Reproduce all the data exactly, without pictures.

§ Raw data:
************
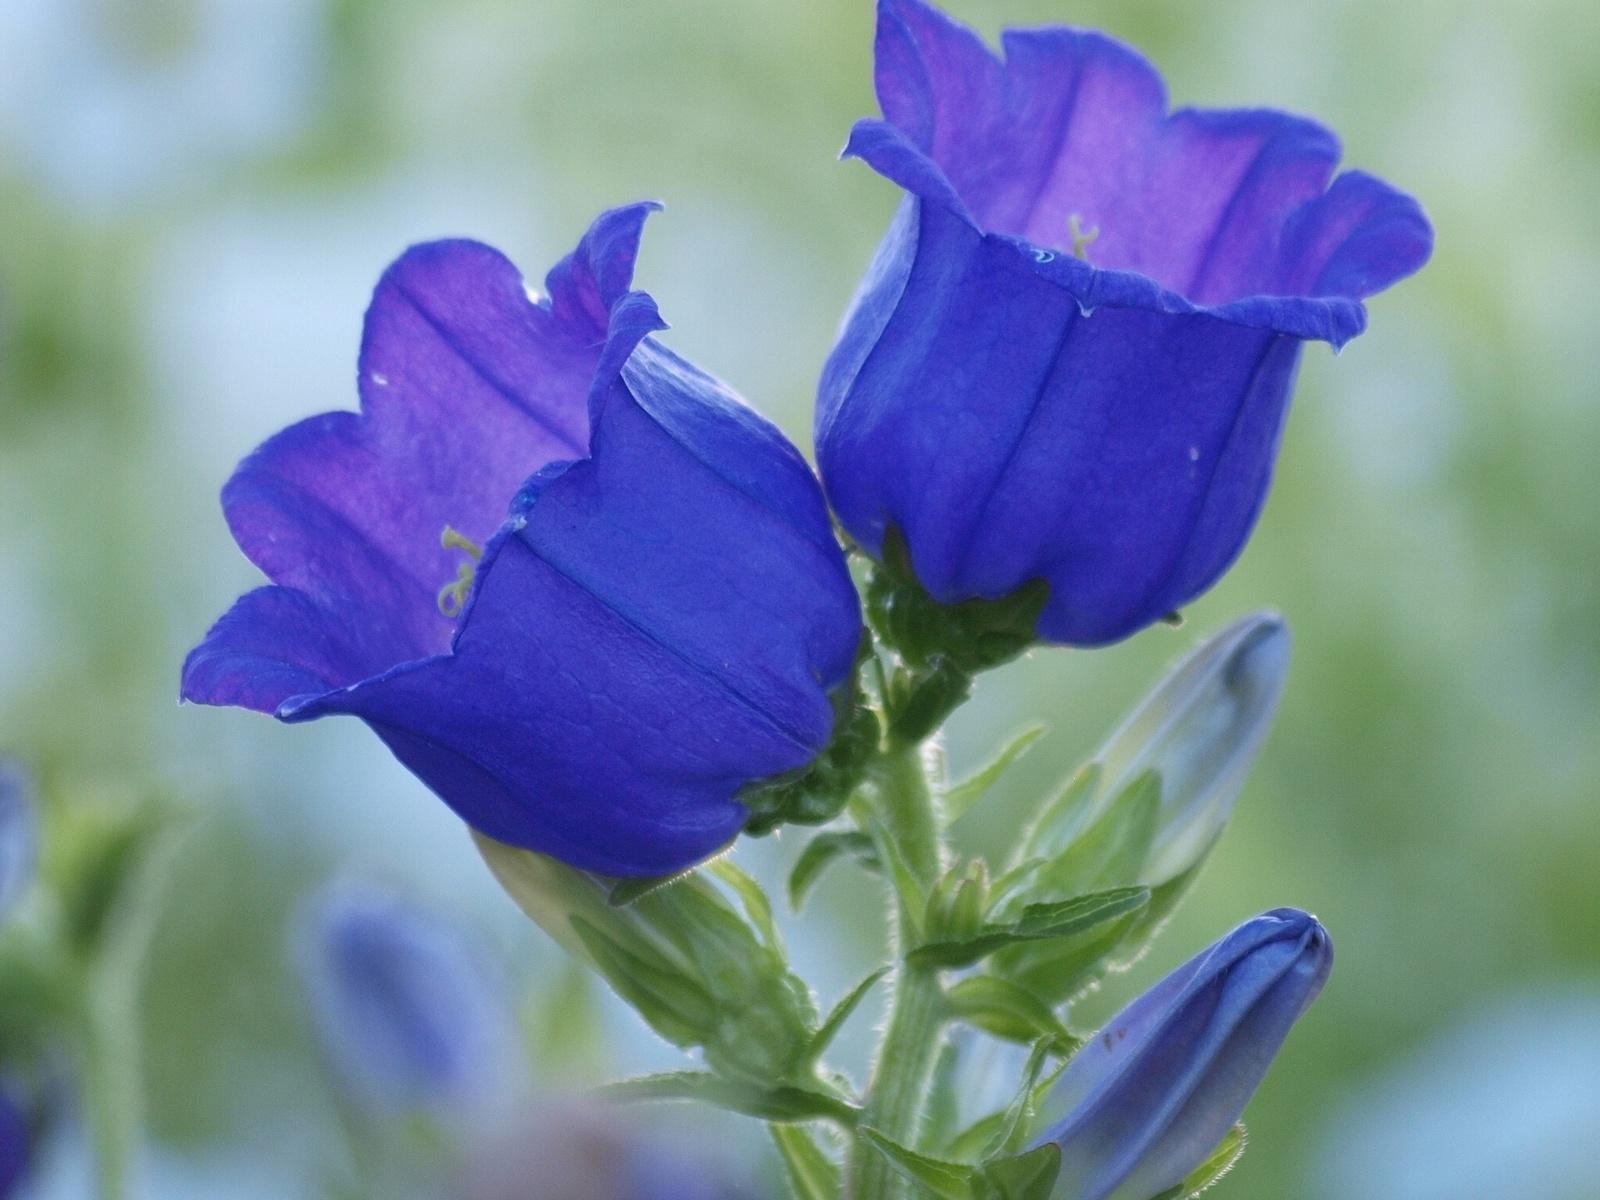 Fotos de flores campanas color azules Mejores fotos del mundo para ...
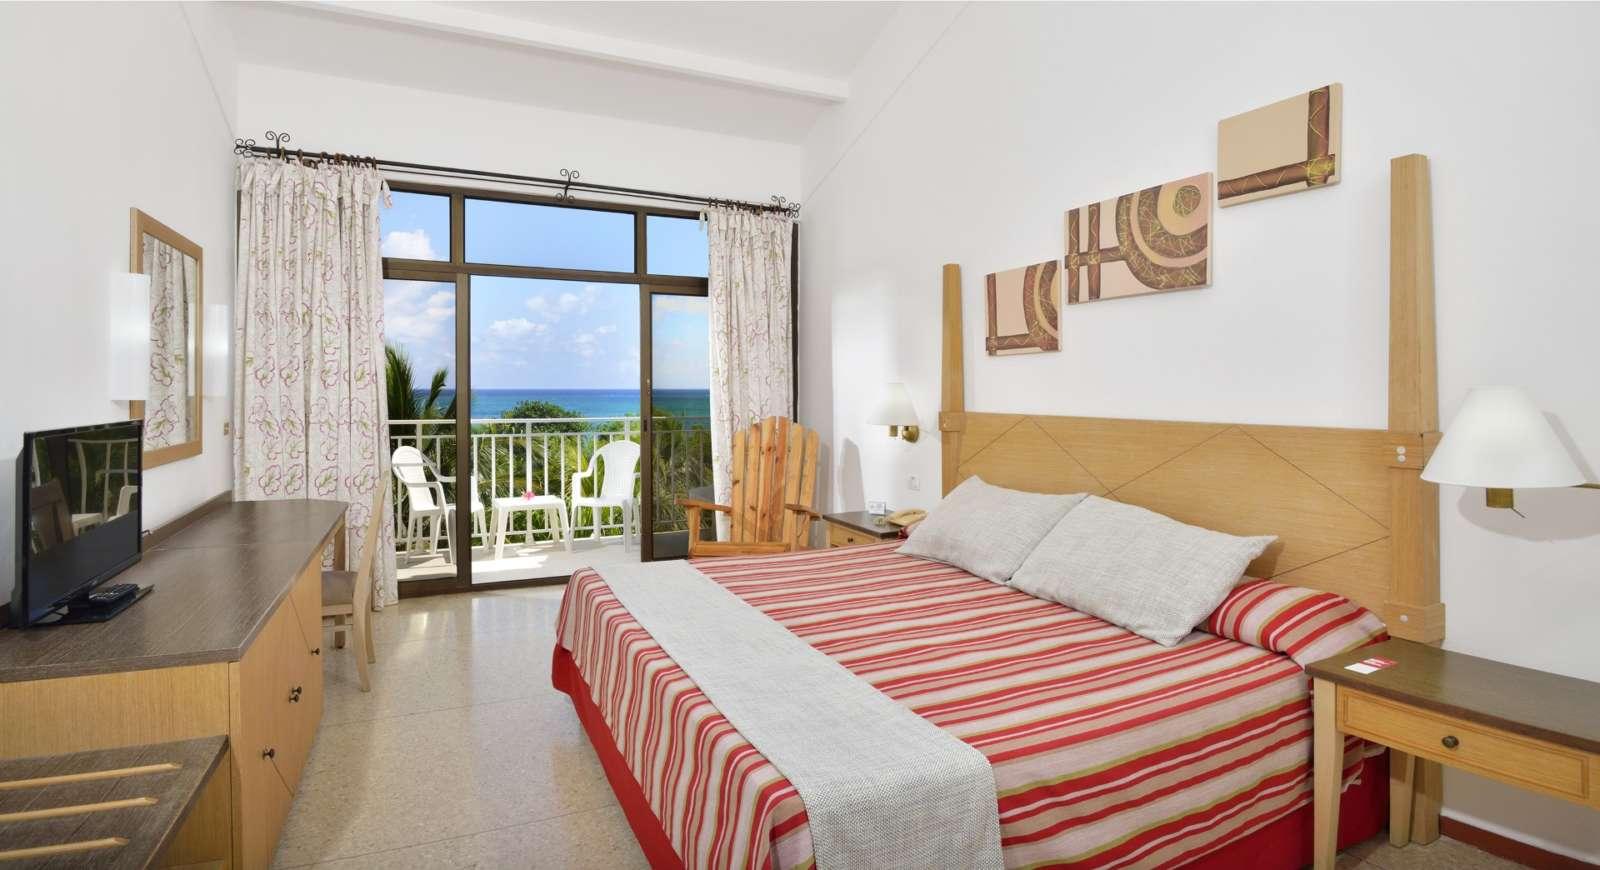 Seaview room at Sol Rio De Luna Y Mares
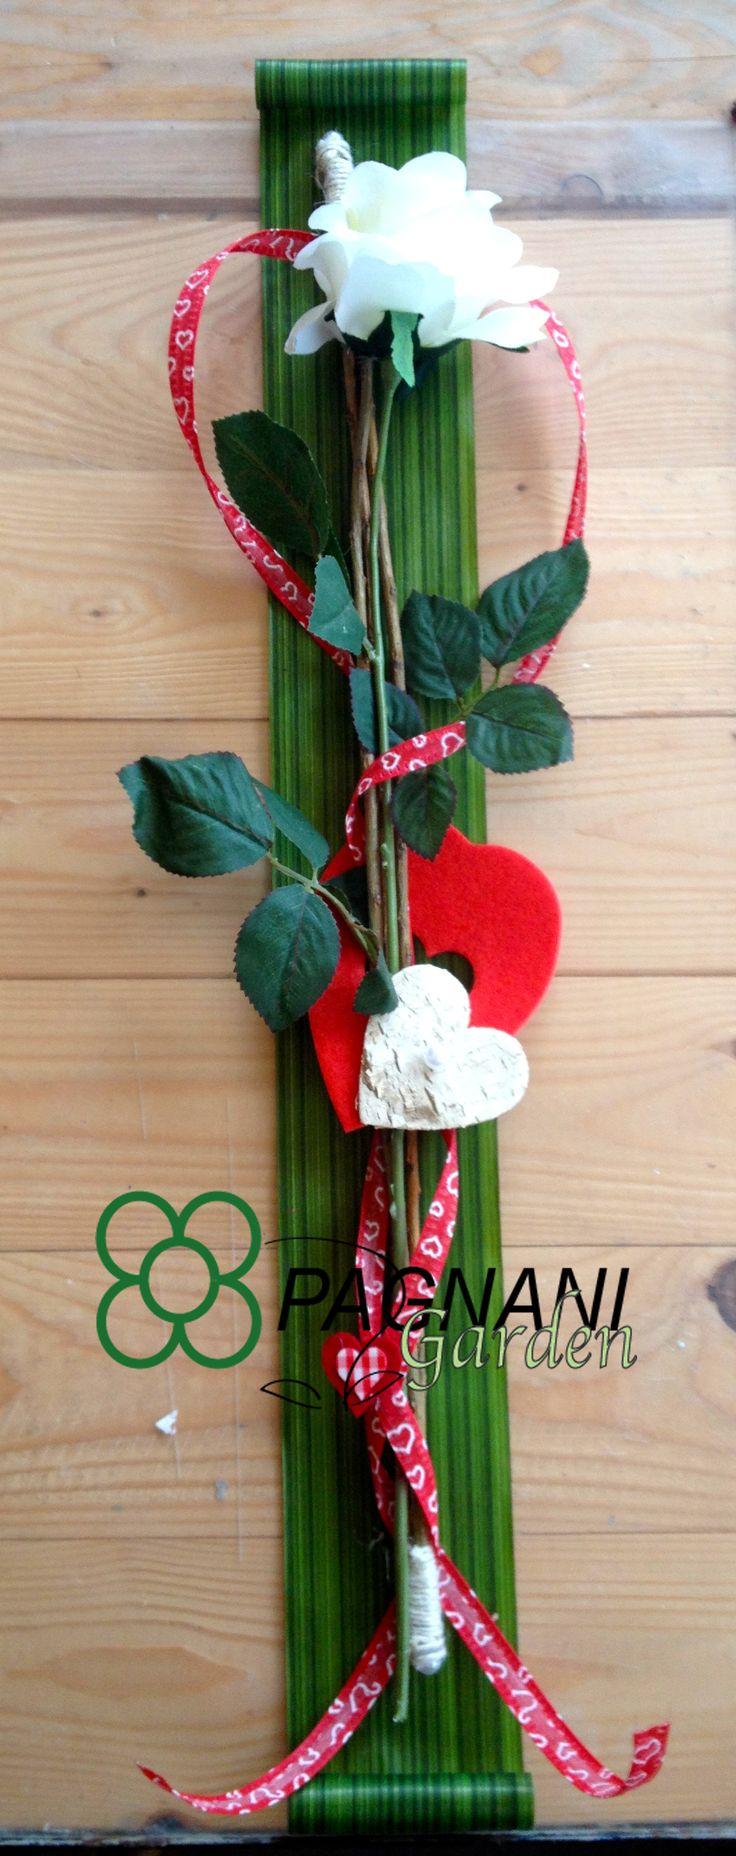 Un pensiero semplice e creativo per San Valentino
************
§ Your solution:
 Fotos de flores campanas color azules Mejores fotos del mundo para ...
 Seaview room at Sol Rio De Luna Y Mares
 Un pensiero semplice e creativo per San Valentino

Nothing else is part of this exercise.